The successful candidate will collaborate with cross-functional teams-including data scientists, engineers, and business stakeholders-to integrate AI solutions into real-world applications that support operational efficiency, customer service, and sustainability initiatives.
Key Responsibilities
  • AI Model Development: Design and implement machine learning models and algorithms to address utility-specific challenges such as grid optimization, asset reliability, predictive maintenance, and customer analytics.
  • Data Analysis: Analyze large, complex datasets from SCADA, AMI, and IoT systems to extract actionable insights.
  • Model Training & Evaluation: Train, test, and validate AI models to ensure accuracy, scalability, and compliance with industry reliability standards.
  • Deployment & Integration: Deploy AI solutions into production systems and integrate with enterprise platforms (e.g., Azure, Maximo, EMS/DMS systems).
  • Innovation: Stay current with the latest advancements in AI/ML and recommend solutions that can enhance grid resilience, safety, and efficiency.
  • Collaboration: Partner with engineering, IT, and business units to define requirements and deliver business-aligned AI solutions.

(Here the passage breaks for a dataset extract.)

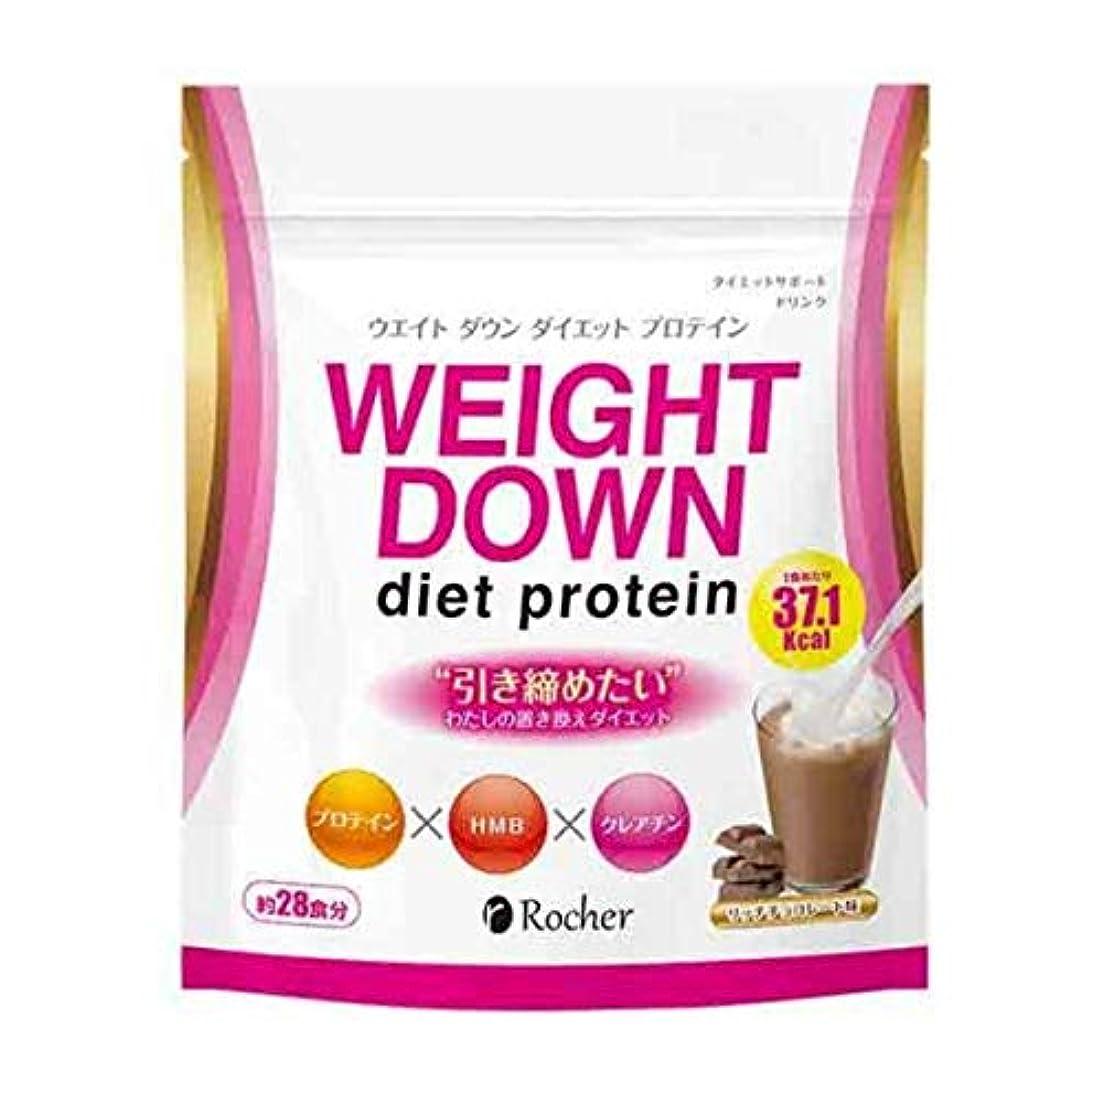 名義で特許つまずく初回限定!マドラーセット ウェイトダウン ダイエットプロテイン 置き換えダイエット!栄養バランを考えて作られたダイエットプロテイン シェイカー要らず

  • Performance Monitoring: Continuously monitor AI models and refine as needed to maintain performance and compliance.
  • Documentation & Knowledge Sharing: Create clear documentation of models, workflows, and processes for reuse and compliance.
Qualifications
Education:
  • Bachelor's or Master's degree in Computer Science, Data Science, Engineering, Mathematics, or a related field.
Experience:
  • 5-10 years of experience in AI, ML, or data science roles, with proven success in AI model development and deployment.
  • Industry experience in utilities, energy, or large-scale infrastructure data is preferred.
Technical Skills:
  • Proficiency in Python, R, or Java.
  • Experience with ML frameworks: TensorFlow, PyTorch, scikit-learn.
  • Strong grasp of data structures, algorithms, and applied statistics.
  • Familiarity with cloud platforms such as Azure ML and Azure Databricks (preferred), AWS or Google Cloud (a plus).
  • Experience with big data tools (e.g., Spark, Hadoop) is desirable.
  • Exposure to natural language processing (NLP) or computer vision a plus.
Soft Skills:
  • Strong analytical and problem-solving abilities.
  • Excellent communication skills for cross-functional collaboration.
  • Ability to work independently and manage multiple projects simultaneously.
  • Experience working in agile or iterative development environments.
Preferred Qualifications
  • Lighting up AI/ML use cases in the utility/energy sector (e.g., outage prediction, DERMS optimization, vegetation management analytics).
  • Certifications in AI/ML, data science, or cloud platforms (Azure, AWS, GCP).
  • Experience with MLOps pipelines and CI/CD integration for model deployment.